I can, she suddenly realized, a plan blossoming in her mind. Oh my god, I know exactly how I can do this.

She squared her shoulders and glanced about. She was only two blocks from the library, still. Very good. And the shop next to her sold data disks. Perfect.

I can do this, she told herself. Without further hesitation, she entered the shop.

The Angelica Porter card had approximately seven hundred New Francs left on it. Jack moved through the store, searching until she found what she wanted, a multi-pack of high-volume data disks. There should be enough space on them to do what she needed. She carried them to the front of the store.

Game time, she thought, as she handed the cashier the card that identified her as Angelica Porter.

There was a slight pause as the transaction went through, a bit longer than normal.

Shit, don't let them have closed down the card altogether...

Finally the purchase cleared. Jack signed the receipt quickly and took her bag, thanking the cashier and heading for the door. She paused and looked out.

Yes. Jarvis was on the move, crossing the street, his eyes fixed on the shop. They'd notified him of the card's use, exactly as she'd suspected. She undid her ponytail and let her hair fall around her face, obscuring her countenance as much as she could, and then pushed the door open. She was careful to keep her face partially turned away.

Let him get a look. But not a good look. Just enough to pique his curiosity, she reminded herself. Come on, Uncle Reg, fall in line like a good soldier.

She kept her pace brisk but relaxed. She didn't want to lose him, but she didn't want him to be able to catch up with her without drawing attention to himself. And above all, she didn't want him realizing she knew he was there. He'd leaned into the shop she'd exited, she noted, using a window as a mirror to see behind her. After a moment he was following her.

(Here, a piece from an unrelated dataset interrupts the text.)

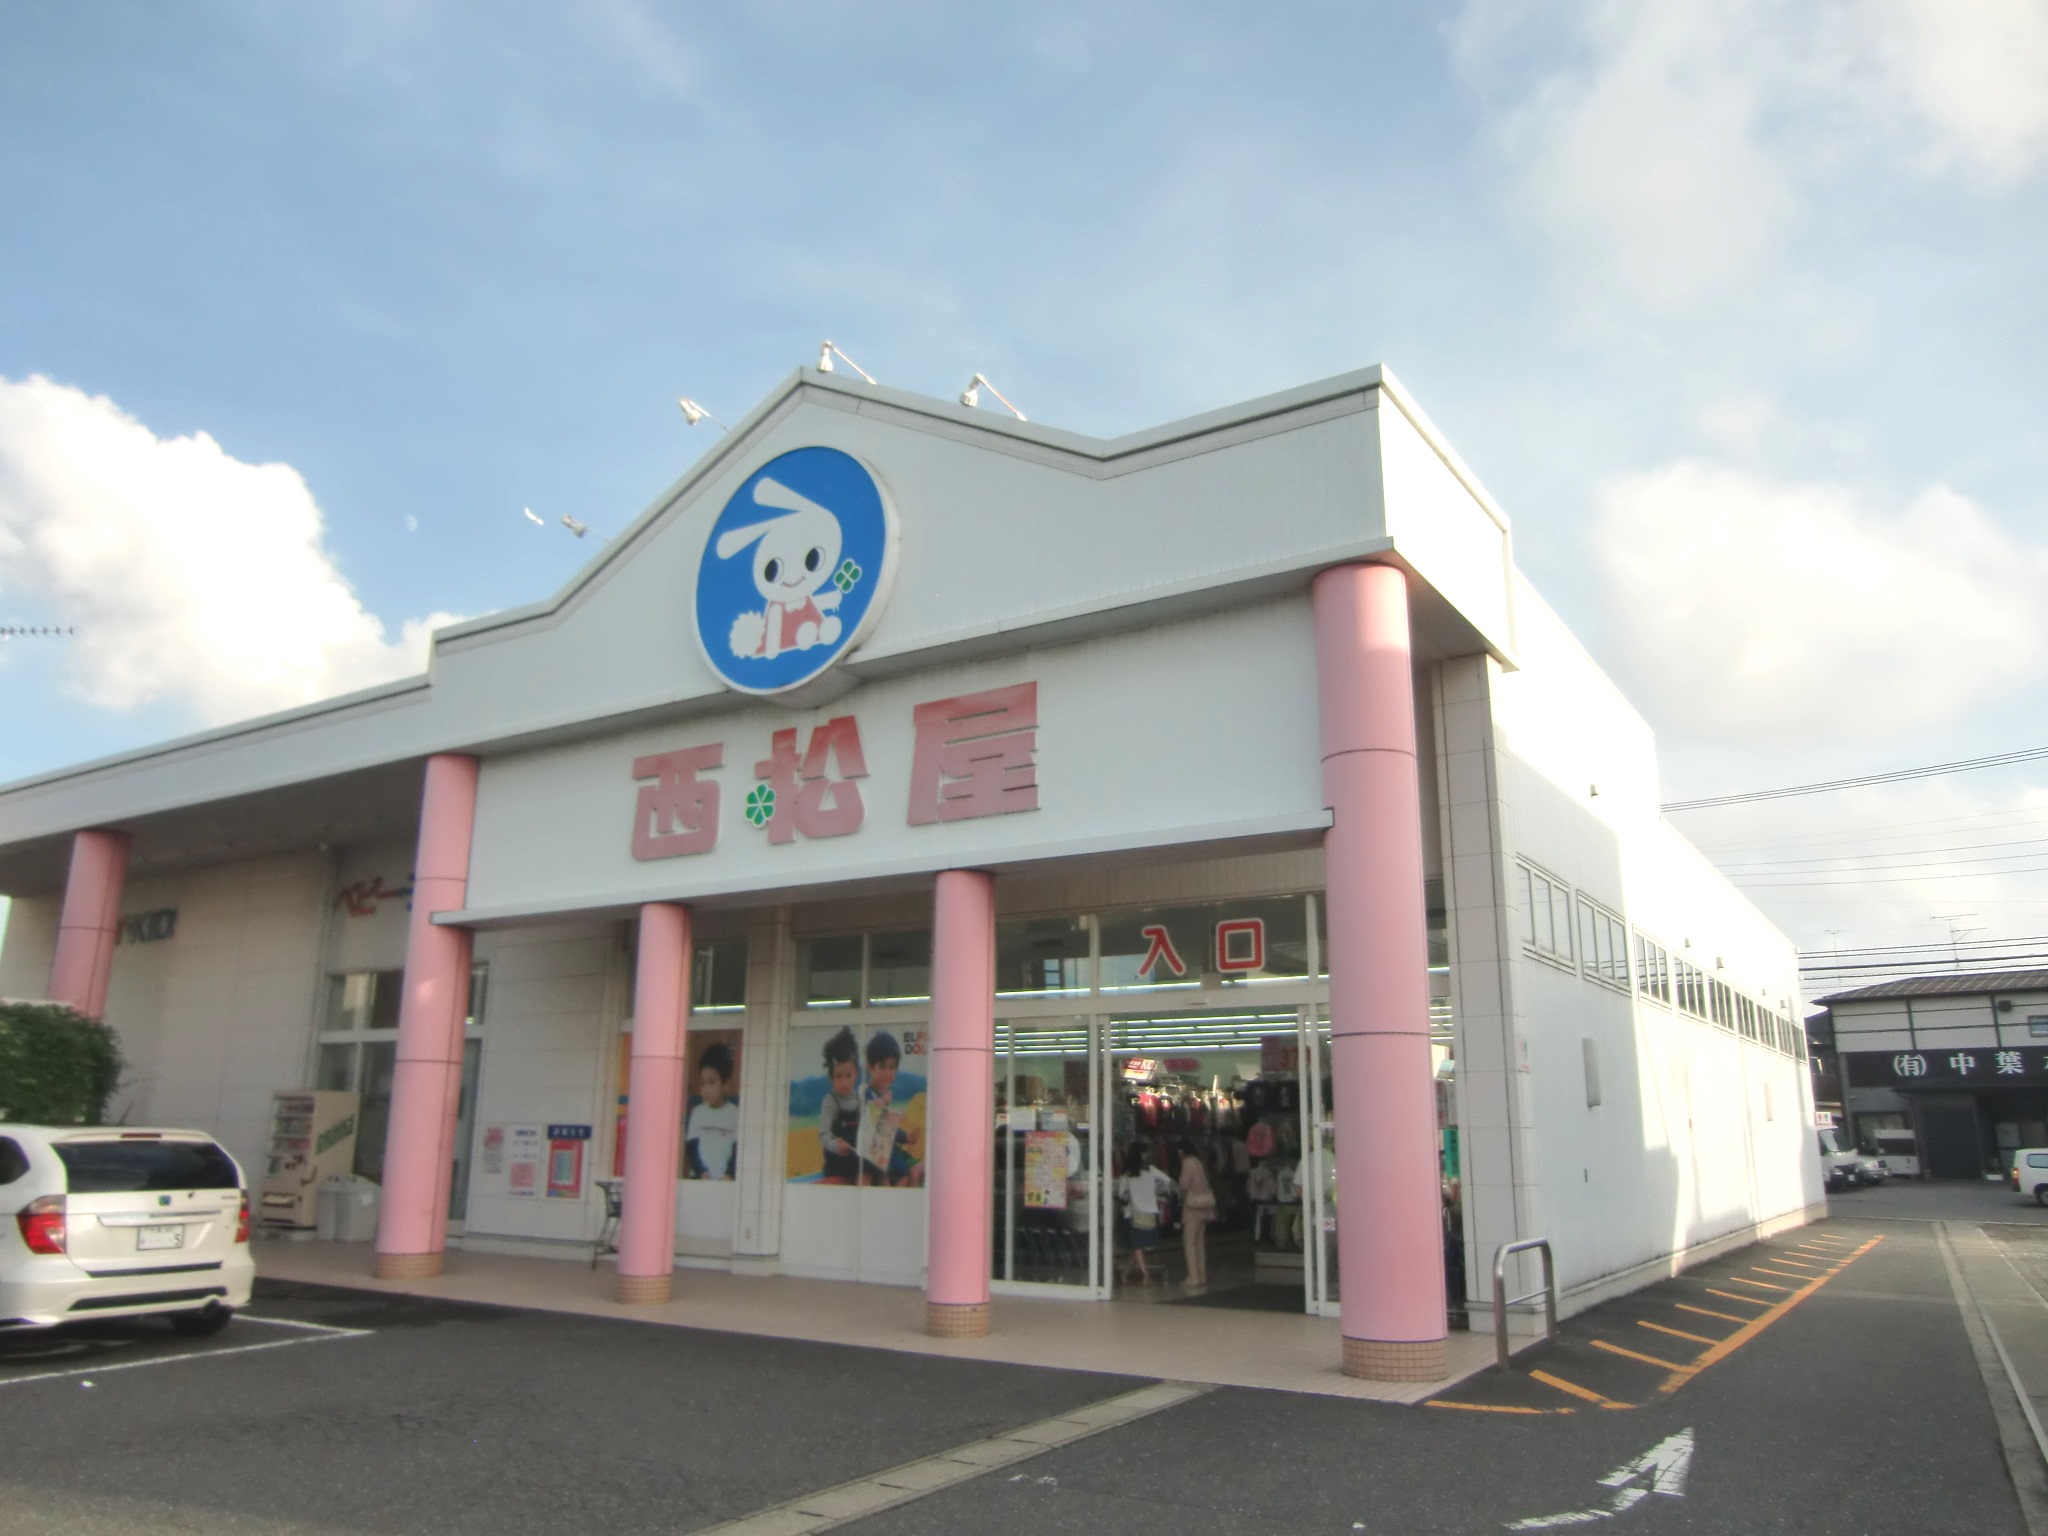 Shopping centre. 1261m until Nishimatsuya Inage Obuka store (shopping center)

Very good, Uncle Reg. Come on home. She headed for the library.

She was careful not to let him get a good look at her as she retraced the two blocks, but she let him catch small glimpses of her profile from time to time. She wanted him to think he was looking at a double for the Late And Lamented Jack Kowalczyk, but she didn't want him figuring out the truth. She'd need the full shock value of that very soon, now.

Entering the library, she headed for the stairs. She'd gotten very familiar with the place's layout and knew exactly where she needed to go. Back to Russian Literature, fourth floor, east wing, where she'd found her answer in the first place. Always empty. The perfect spot for what she intended.

Jarvis was still following. Alone. Riddick was right; the troops had been sent back up to the Messina. He had no backup. It probably didn't even occur to him that he might need any.

Too bad for you, Reg, but great for me. Thanks. She headed for Russian Literature. She wondered what he made of that; after all, the Late And Lamented Jack Kowalczyk was of Russo-Polish descent on her father's side, wasn't she?

She made sure she didn't turn the corner until Jarvis reached the top of the steps, letting him catch a tantalizing glimpse of her profile. Who you following, Uncle? You even know? Wanna take a guess yet?

Moving to one of the terminals, she set her purchase beside it and booted up. Now she was ready. Just for fun, she sat down in front of the terminal and listened to his quiet footfalls as he approached her.

"Excuse me, miss," he said behind her, so politely. "Can I talk to you for a minute?"

She smiled to herself and rose back out of her seat, stepping away from it with her back still turned. Adrenaline was coursing through her veins, she realized, but everything felt focused and clear. This was what Riddick had been talking about, she realized. The pre-combat high. Now she knew.

She turned around in a single, abrupt movement. Four feet away from her, Lieutenant Reginald Jarvis's eyes went wide.

"Hello, Uncle Reg," she replied with a smirk.

Stunned by the sudden revelation before him, Jarvis was completely unprepared for her sudden attack.